ABOUT THIS TASK
Restate every line below word for word, but drop each picture.

DATASET CONTENT
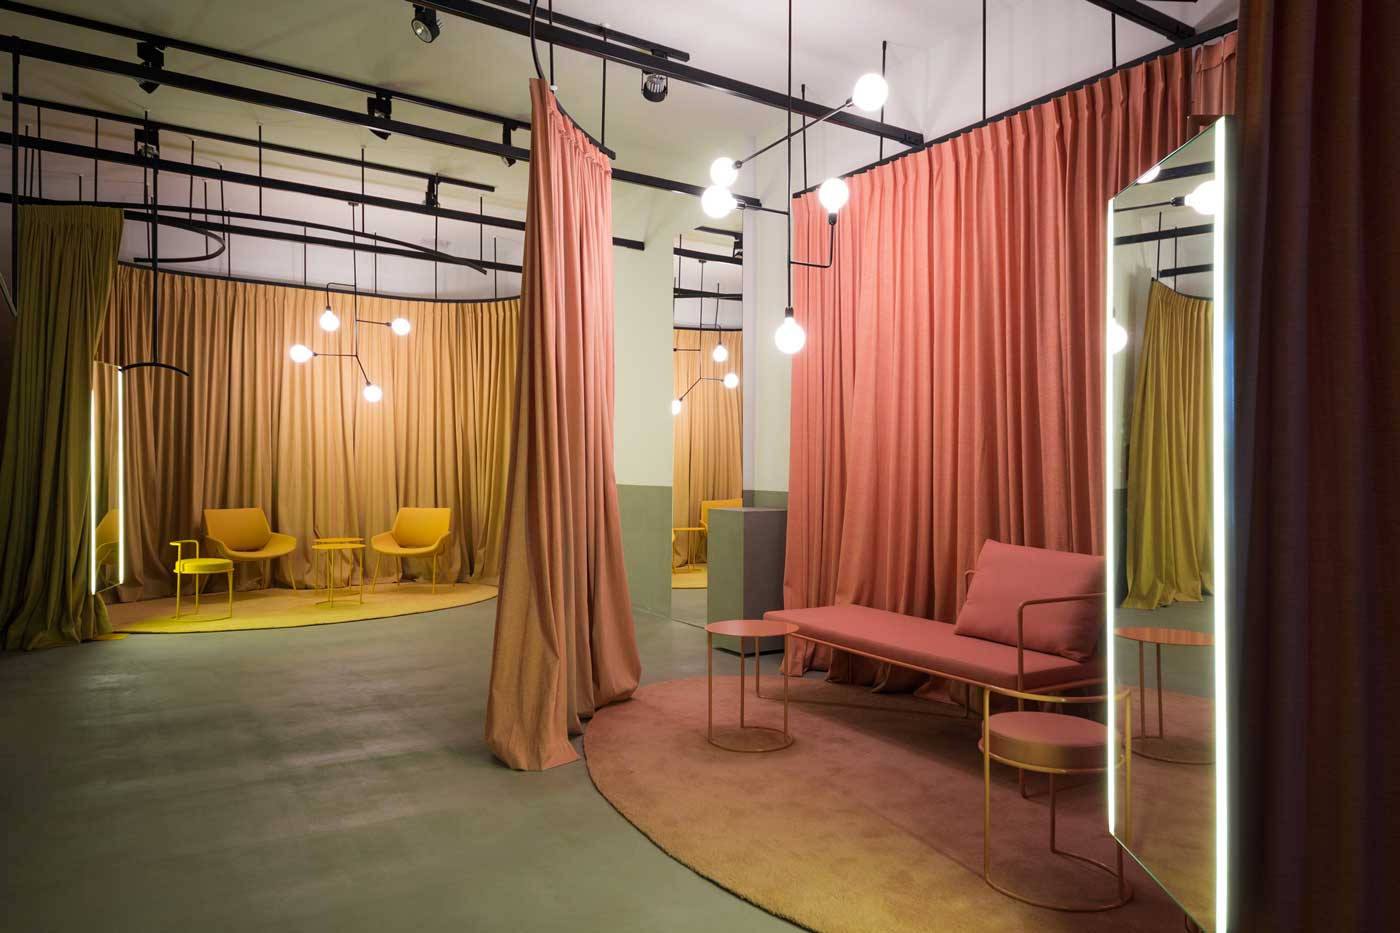 Dans les espaces commerciaux comme les showrooms, de grands rideaux font office de coins d'essayage
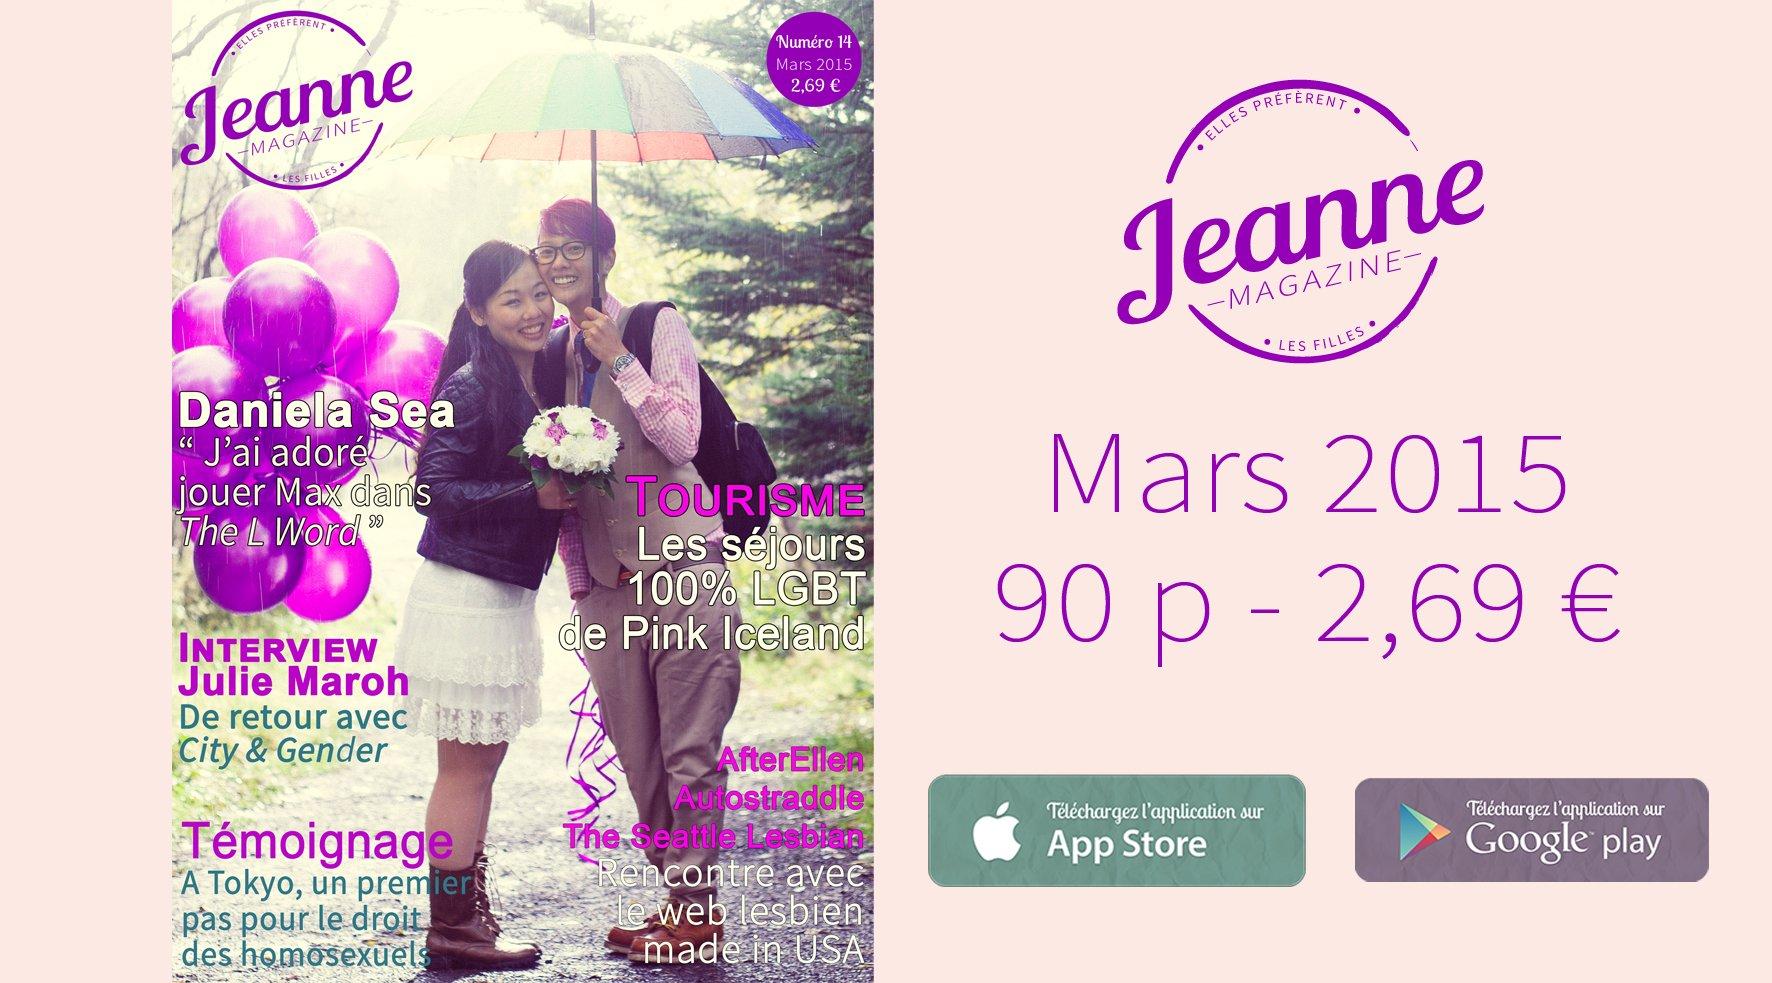 Sortie de Jeanne Magazine n°14 – mars 2015
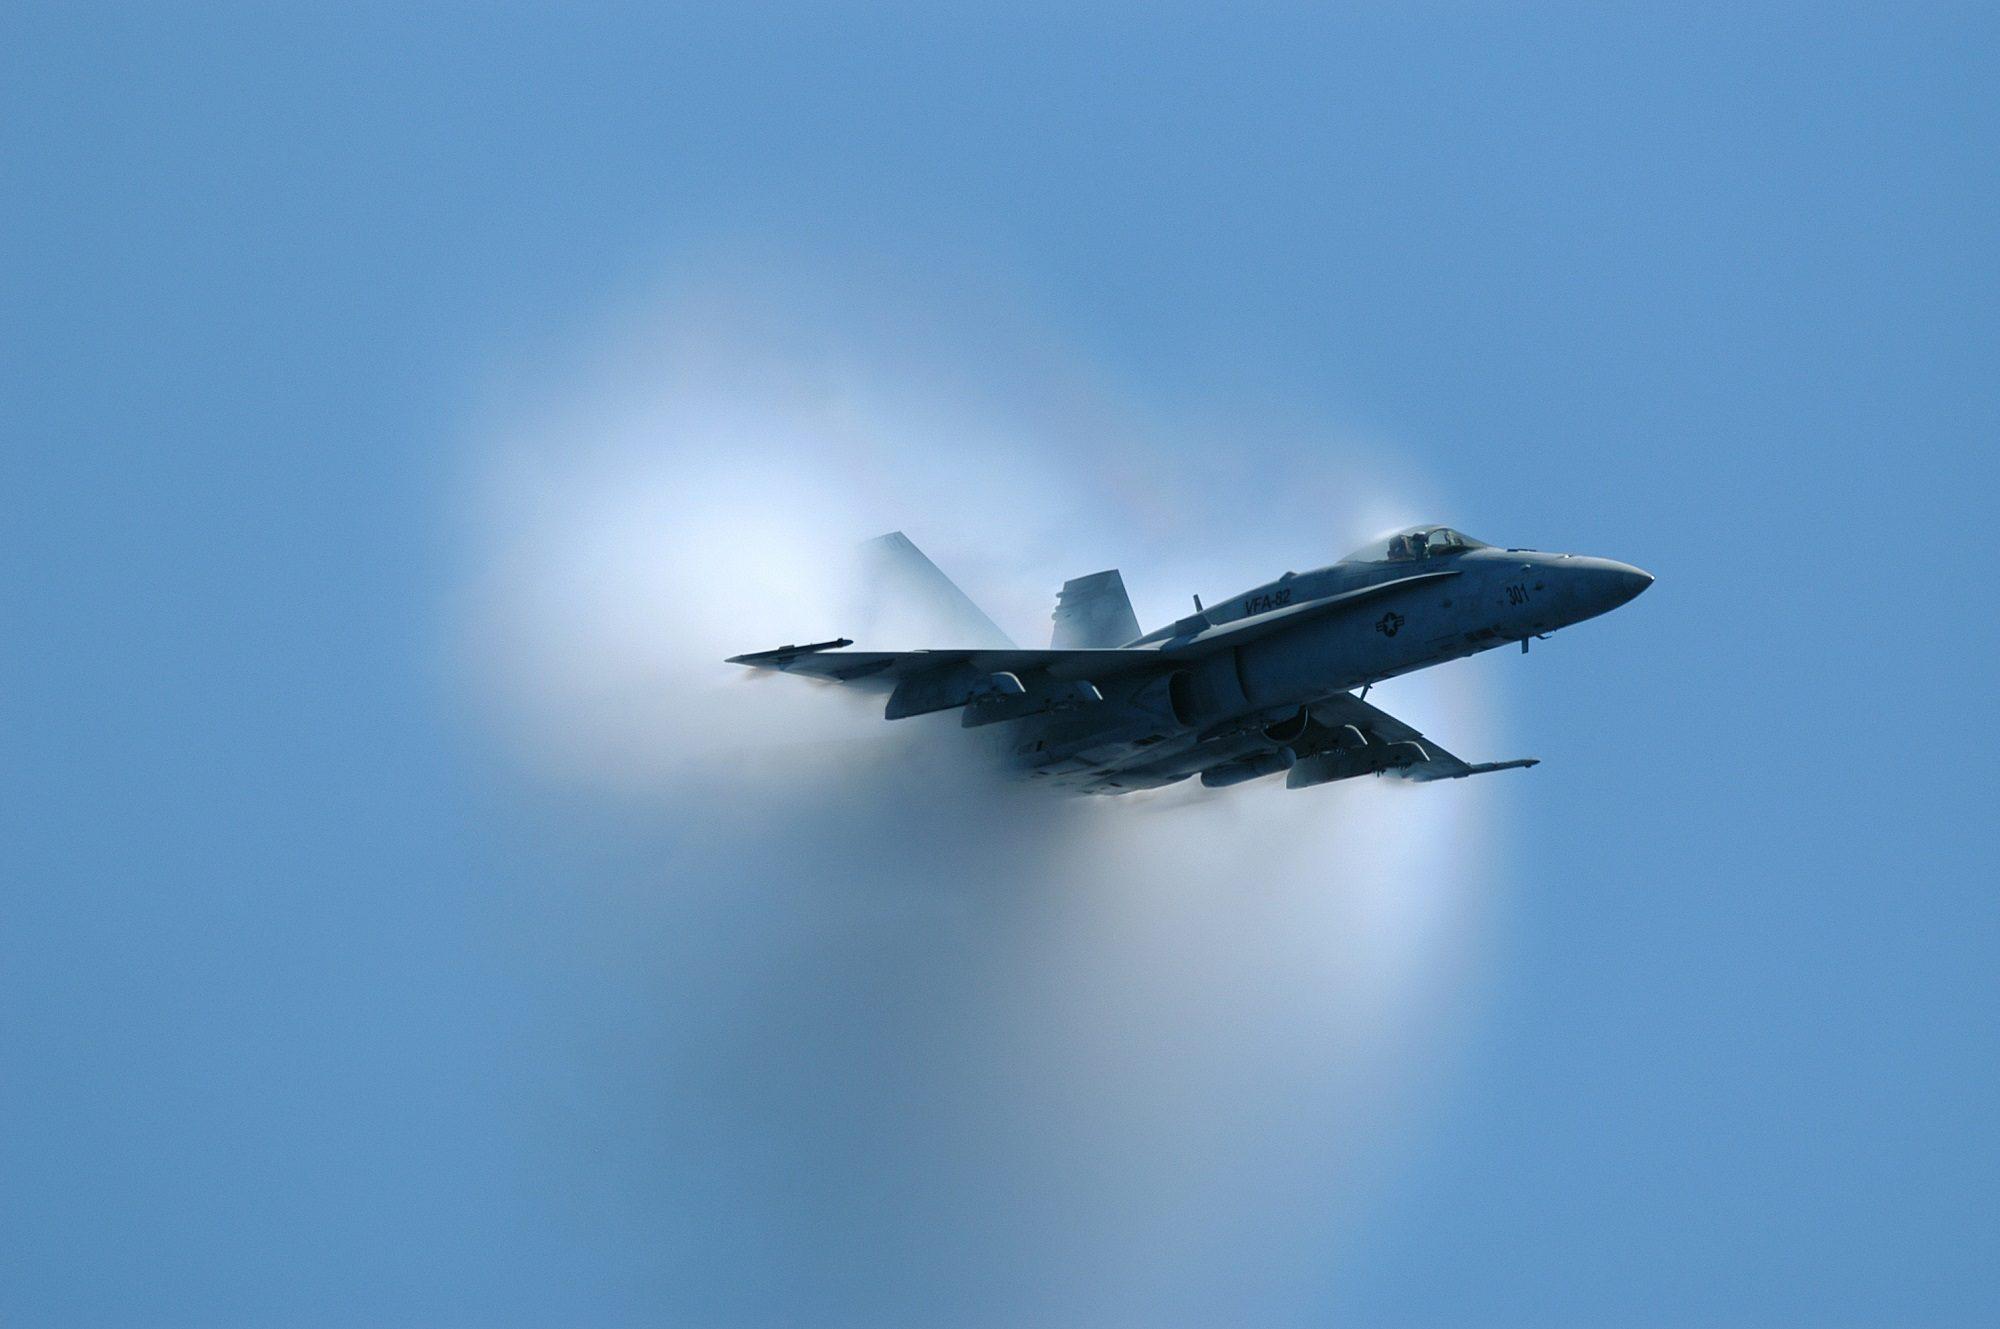 Flugzeug, Barriere, Klang, Geschwindigkeit, Explosion - Wallpaper HD - Prof.-falken.com

YOUR RESPONSE
 Dans les espaces commerciaux comme les showrooms, de grands rideaux font office de coins d'essayage
 Sortie de Jeanne Magazine n°14 – mars 2015
 Flugzeug, Barriere, Klang, Geschwindigkeit, Explosion - Wallpaper HD - Prof.-falken.com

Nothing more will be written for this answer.